Setting the envir argument to new.env() makes sure that settings in your Shiny app, such as a default ggplot theme, can't affect the rendered file, but also makes it so that the R Markdown code will not have access to any objects from your app, such as input or v$summary_data, unless you pass them as parameters.

On your own computer, you don't need to set intermediates_dir = tempdir(), but you will need to do this if you want to deploy your app on a shiny server.
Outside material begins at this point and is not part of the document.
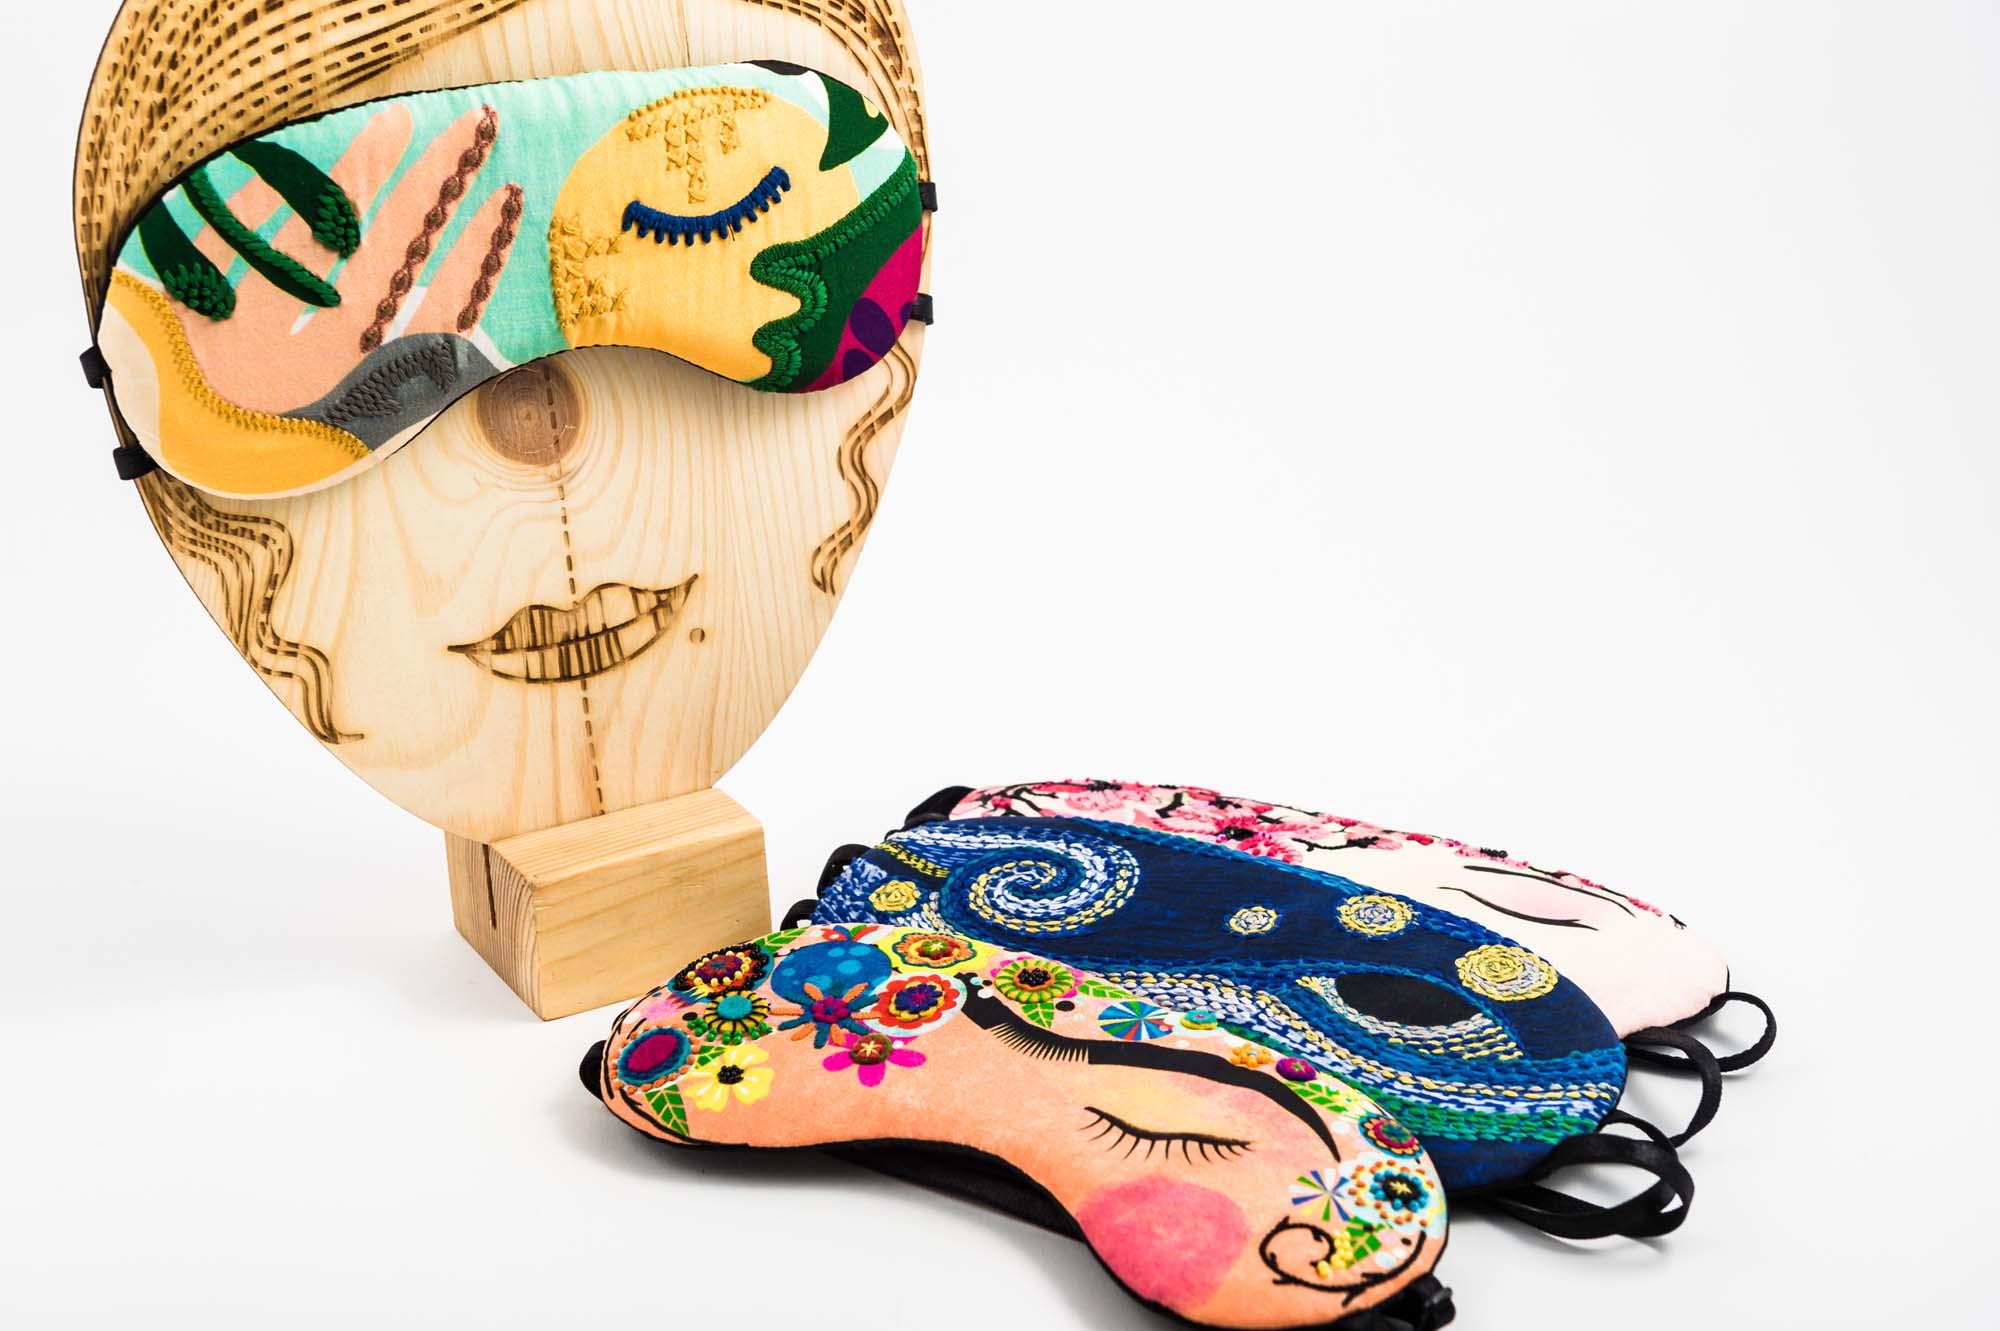 Embroidered Silk Artists Sleep Masks

When rmarkdown renders an Rmd file, it creates several intermediate files in the working directory and then deletes them. you have permission to write to the app's working directory on your own computer, but might not on a shiny server. tempdir() is almost always a safe place to write temporary files to.

12.5 Exercises

Food Data

Create a button that downloads the food data.

# add to report_tab ui ----
downloadButton("food_data_dl", "Food Data")

### food_data_dl ----
output$food_data_dl <- downloadHandler(
  filename = function() {
    debug_msg("food_data_dl")
    paste0("food-data_", Sys.Date(), ".csv")
  },
  content = function(file) {
    gs4_write_csv(v$food_summary_data, file)
  }
)

Food Image

Create a button that downloads the food summary plot

# add to report_tab ui ----
downloadButton("food_plot_dl", "Food Plot")

### food_summary_plot ----
food_summary_plot <- reactive({ debug_msg("food_summary_plot")
  # code from output$food_summary ...
})

### food_summary ----
output$food_summary <- renderPlot({ debug_msg("food_summary")
  food_summary_plot()
})

### food_plot_dl ----
output$food_plot_dl <- downloadHandler(
  filename = function() {
    debug_msg("food_plot_dl")
    paste0("food-plot_", Sys.Date(), ".png")
  },
  content = function(file) {
    ggsave(
      file,
      food_summary_plot(),
      width = input$plot_width,
      height = input$plot_height
    )
  }
)

Food Report

Create a downloadable report for the food data.

# add to report_tab ui ----
downloadButton("food_report_dl", "Food Report")

### food_report_dl ----
output$food_report_dl <- downloadHandler(
  filename = function() {
    debug_msg("food_report_dl")
    paste0("food-report_", Sys.Date(), ".html")
  },
  content = function(file) {
    rmarkdown::render("reports/report.Rmd",
                      output_file = file, 
                      params = list(
                        title = "Food Report", 
                        data = v$food_summary_data,
                        plot = food_summary_plot()
                      ),
                      envir = new.env(),
                      intermediates_dir = tempdir())
  }
)

12.6 Your app

What might users want to download from your app? Include data, image, or report download if that is applicable to your app.